In fact, the opposite occurs. Companies like Meta and Alphabet, and more recently OpenAI, have only achieved their extraordinary wealth and power thanks to very specific regulatory and economic conditions. These arrangements can be modified. This is within the power of the government and we should insist on it. There are currently cases before courts in several jurisdictions seeking to frame the mass expropriation of the work of artists and writers by artificial intelligence companies as a violation of copyright. The outcome of these cases is still unclear, but even if the creators lose, the fight is not over. The use of our work to train AI must be under the protection of the copyright system.
And we shouldn’t stop there. We should insist on payment for work that has been used, payment for all future use, and an end to the tech industry’s practice of taking first and saying sorry later. His use of copyrighted material without permission was not accidental. They did it on purpose because they thought they could get away with it. The time has come for them to stop getting their way.
For that to happen, we need regulatory structures that ensure transparency about what data sets are used to train these systems and what those data sets contain. And audit systems to ensure that copyright and other forms of intellectual property are not violated, and to impose significant sanctions if they are. And we must insist on international agreements that protect the rights of artists and other creators rather than facilitating corporate profits.

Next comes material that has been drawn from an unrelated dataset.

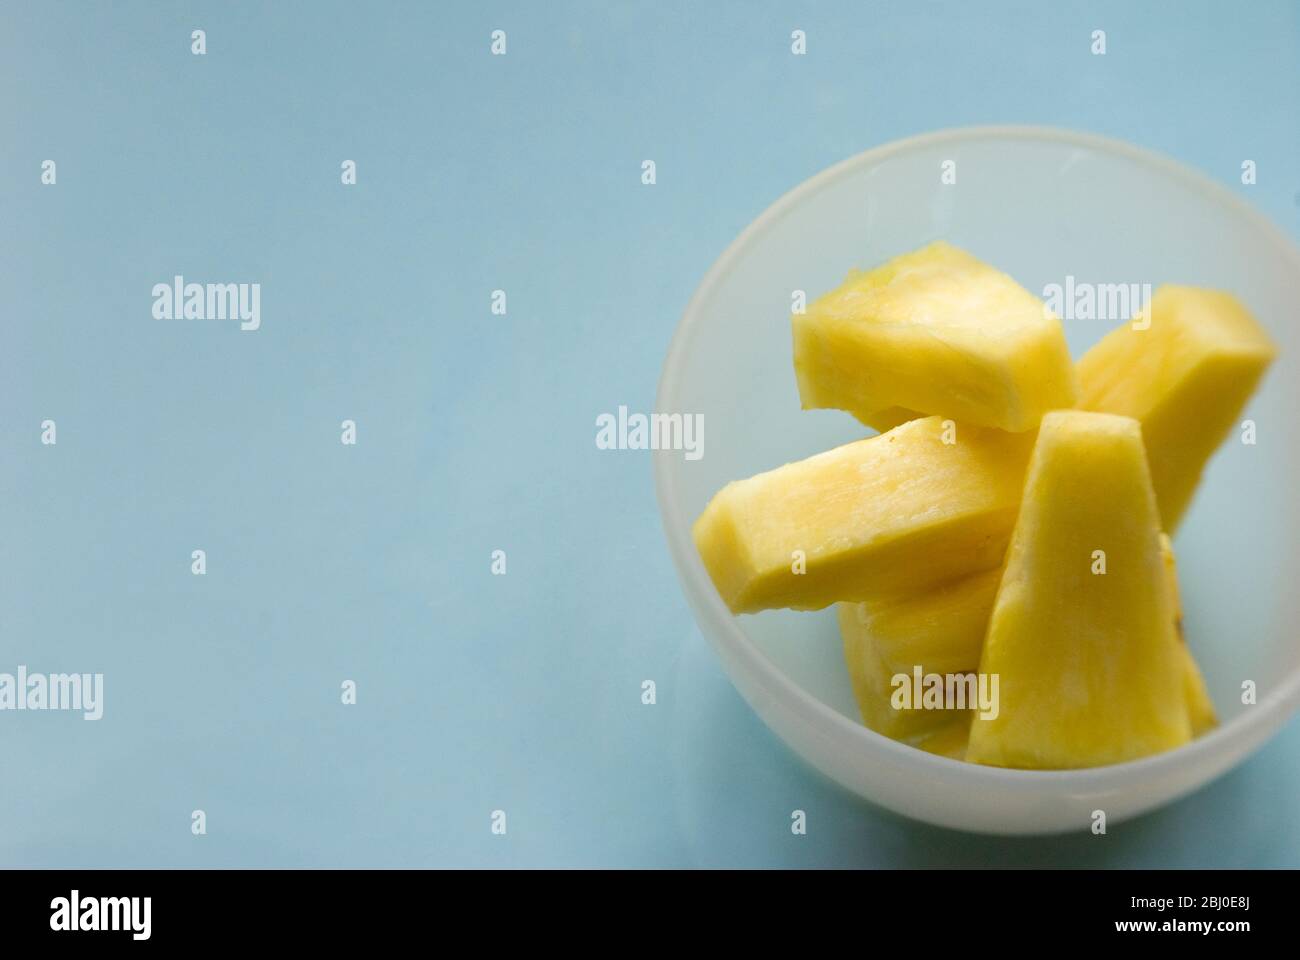 Stücke von frischer Ananas, die aus der ganzen Frucht in einer kleinen Glasschüssel geschnitten werden - Stockfoto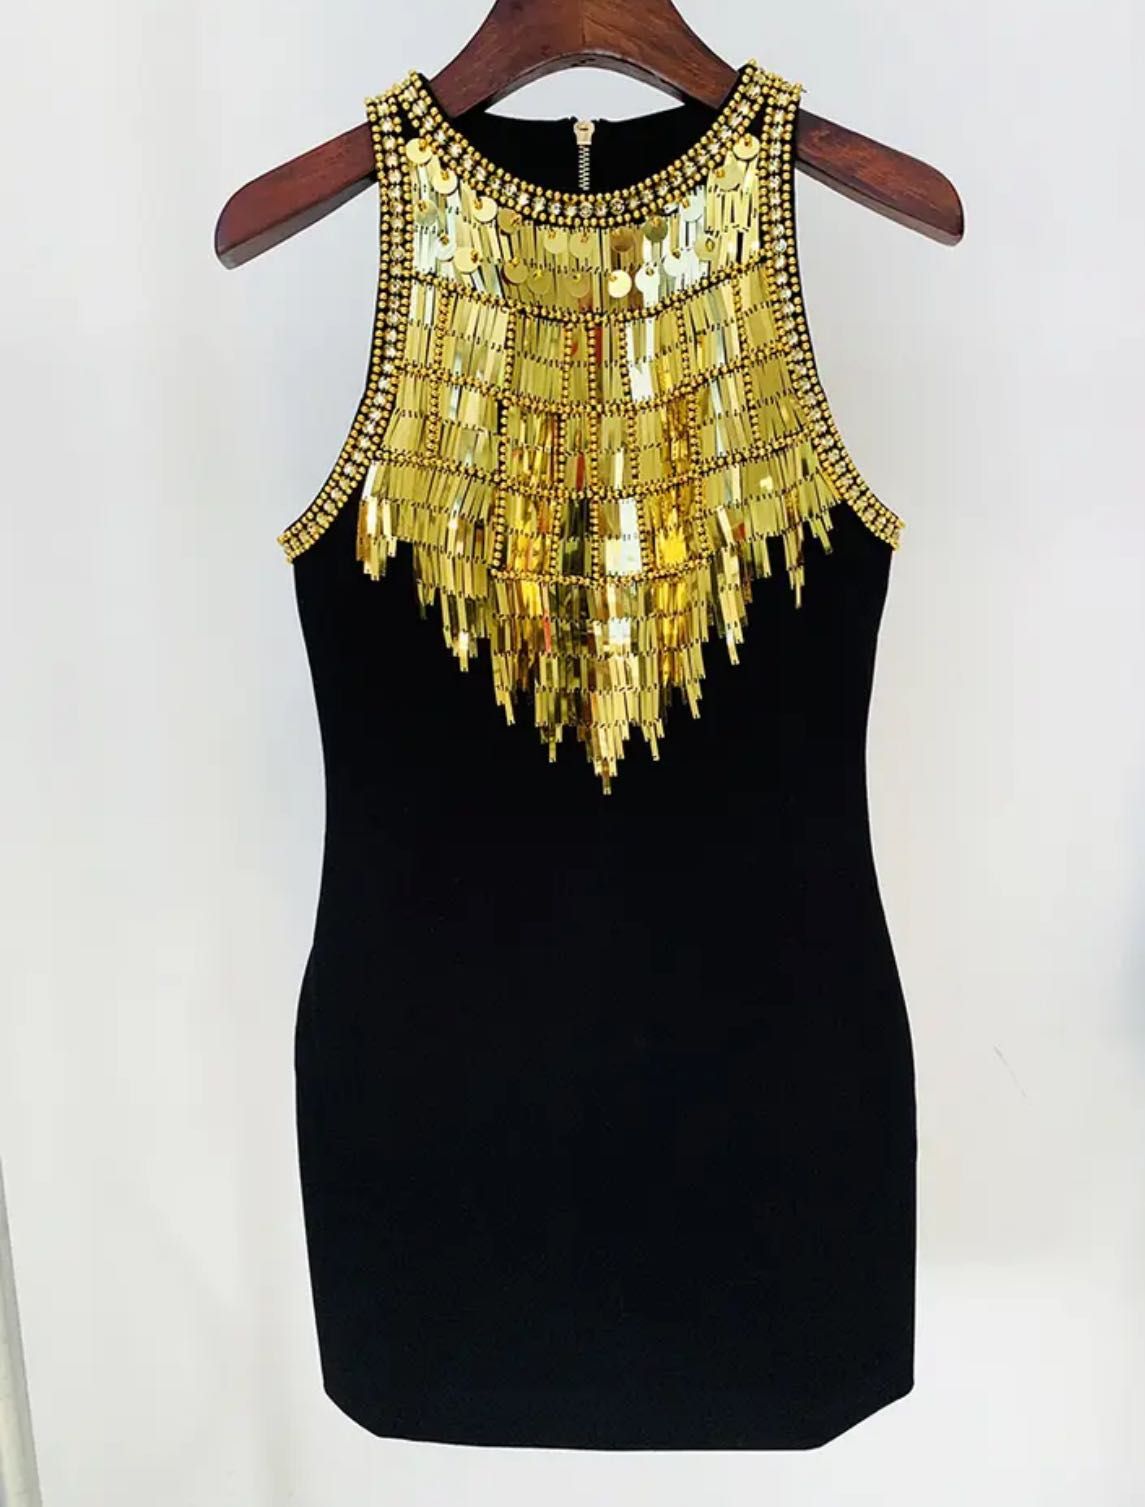 Черна рокля със златни мъниста камъни декорации

But above all, we must think carefully about why what we do as human beings, and as creators and artists in particular, matters. Because it is not enough to worry about what is being lost, nor to fight from the rear against these technologies. We need to start making positive arguments about the value of what we do, and of creativity in general, and think about what form that might take in a world where AI is ubiquitous.
This is an edited version of the Australian Society of Authors’ 2024 Colin Simpson Memorial Keynote, titled ‘Creative Futures: Imagining a Place for Creativity in a World of Artificial Intelligence’.